DATA EXCERPT
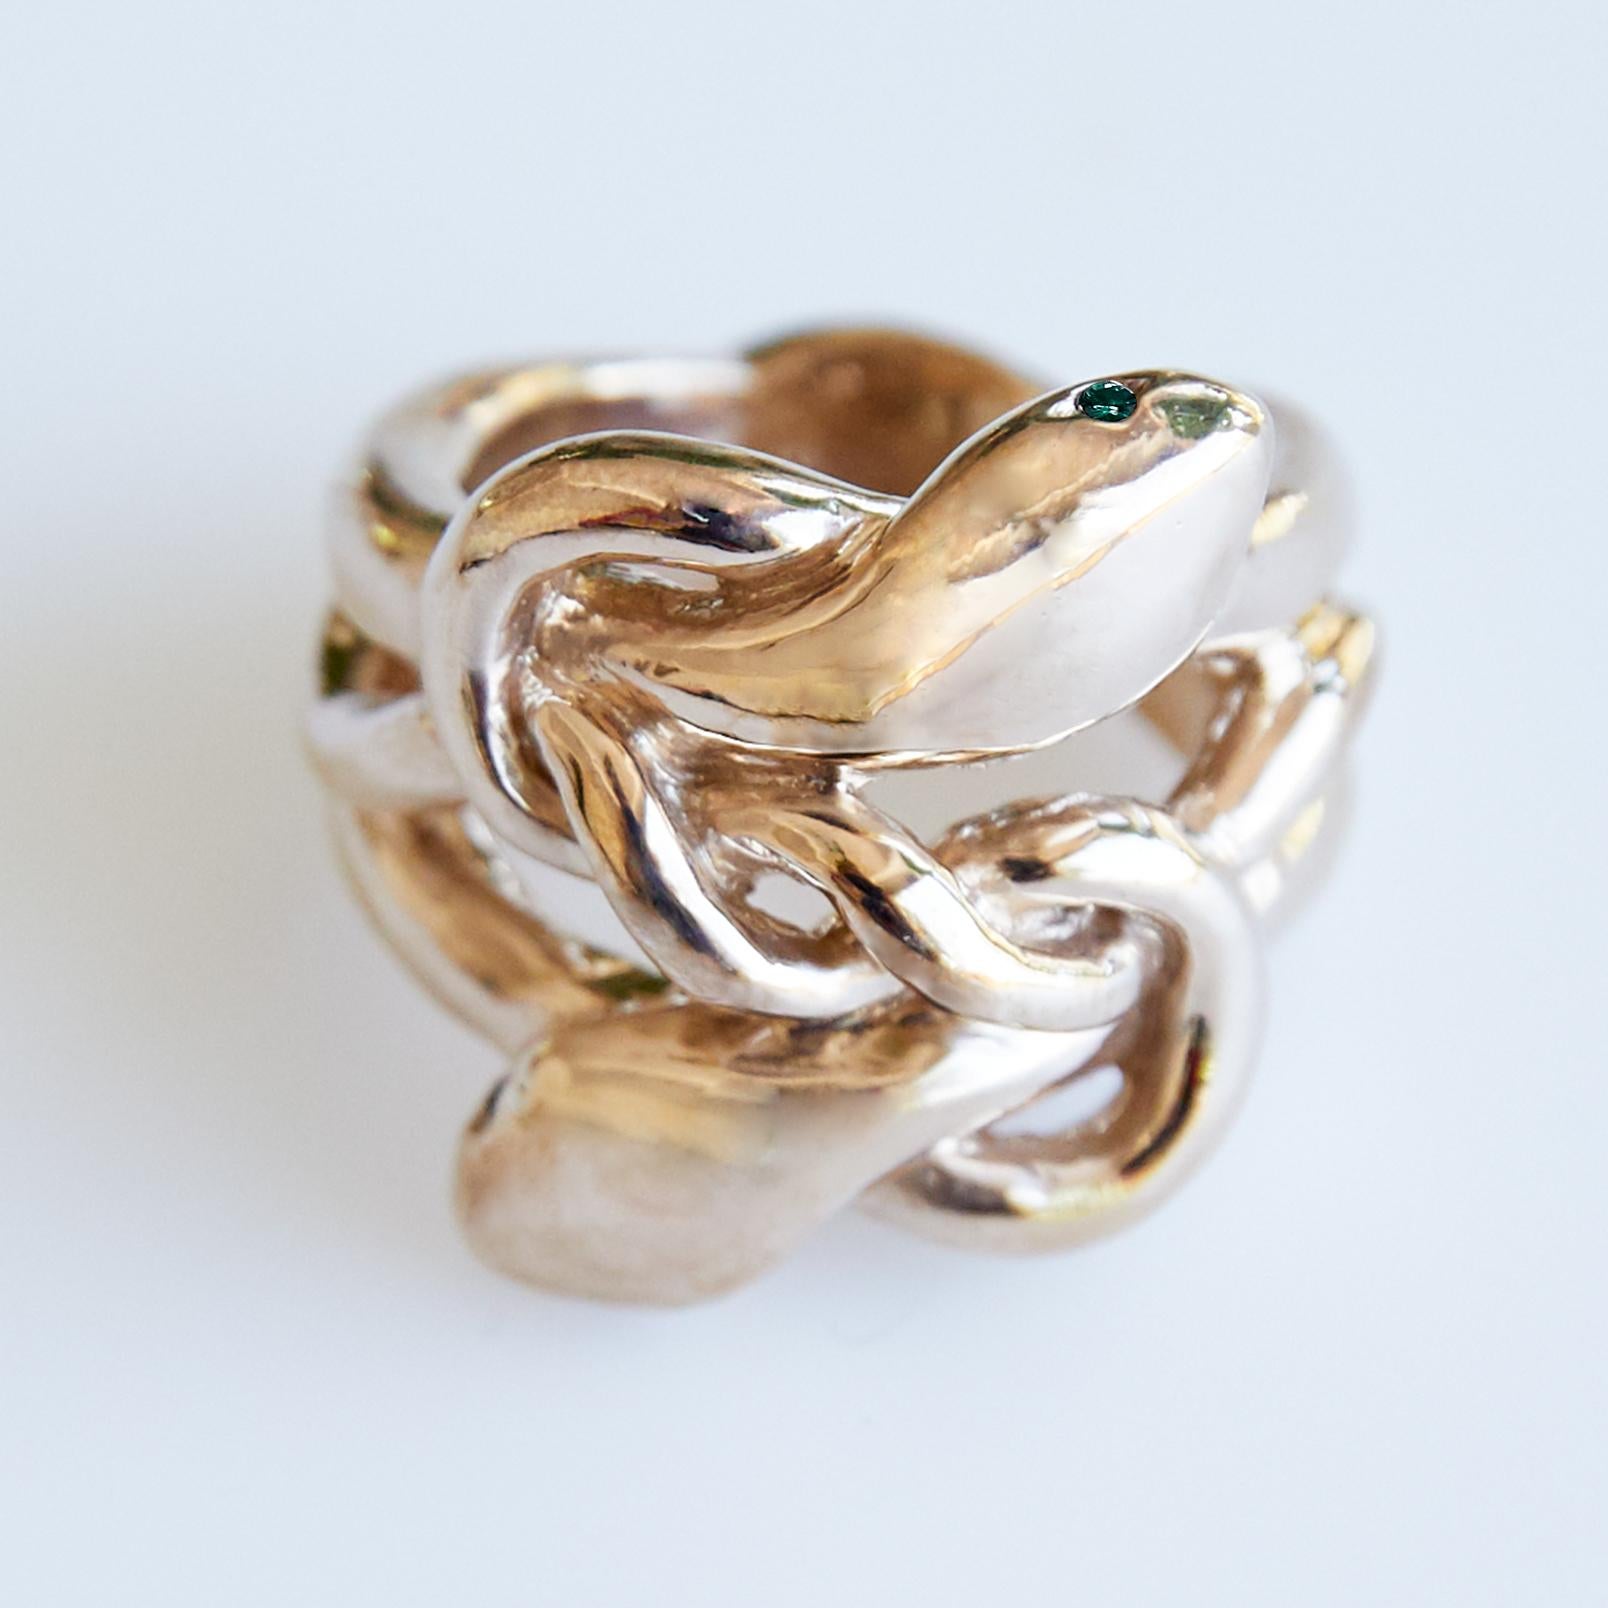 Emerald Gold Snake Ring Victorian Style J Dauphin
J DAUPHIN 
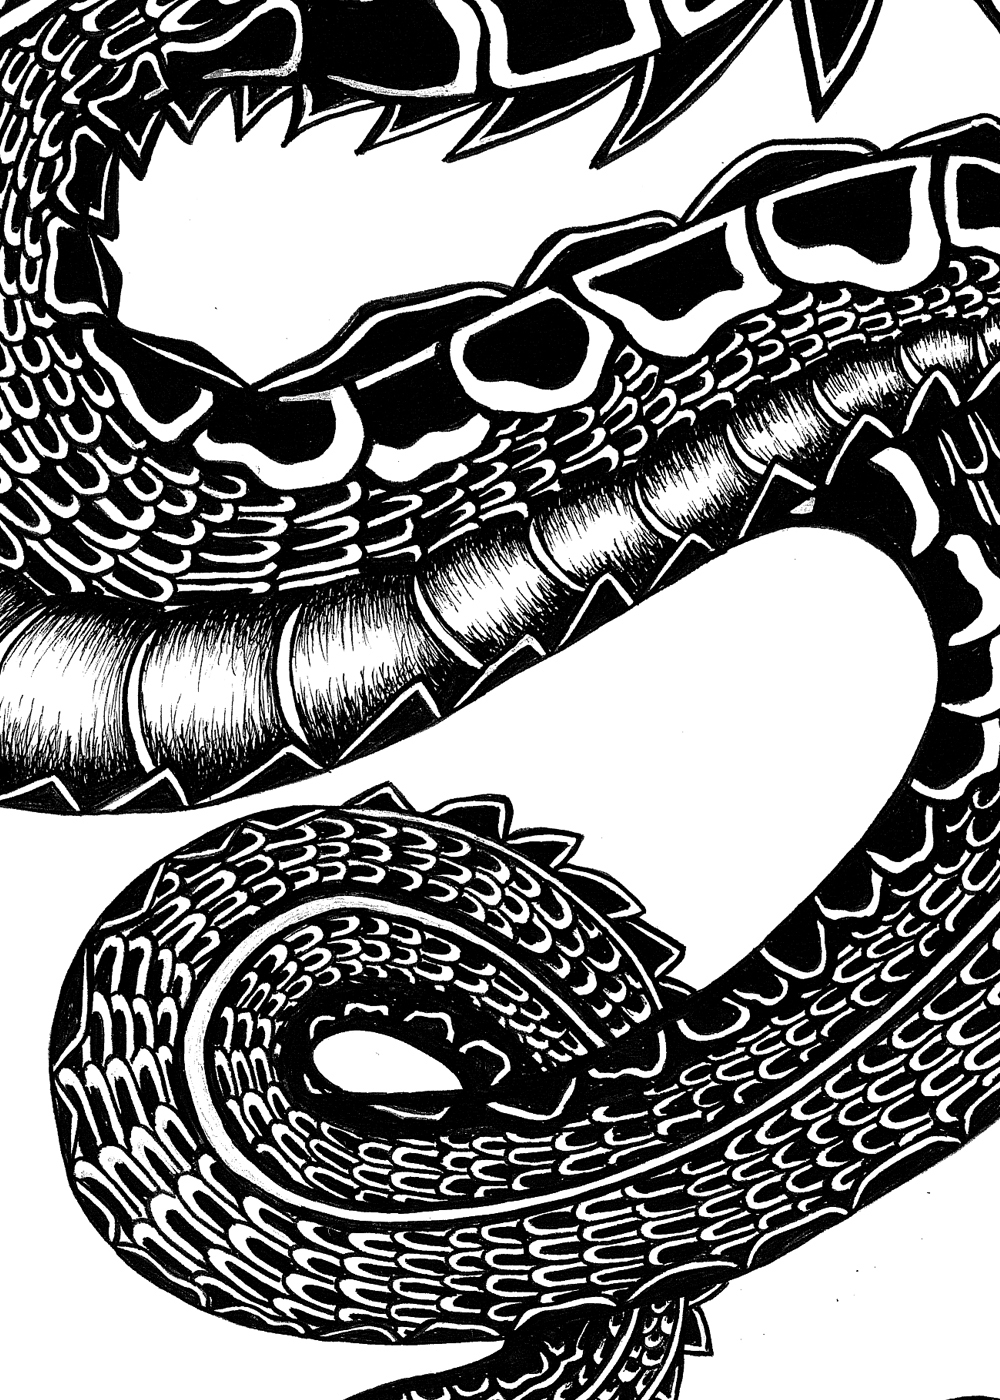 dragon ink blackink handdrawing floral detailart tshirt pattern Fashion  dragonart

ASSIGNMENT
What is needed is a word-for-word copy of the data, minus its pictures.

EXERCISE RESPONSE
 Emerald Gold Snake Ring Victorian Style J Dauphin
J DAUPHIN 
 dragon ink blackink handdrawing floral detailart tshirt pattern Fashion  dragonart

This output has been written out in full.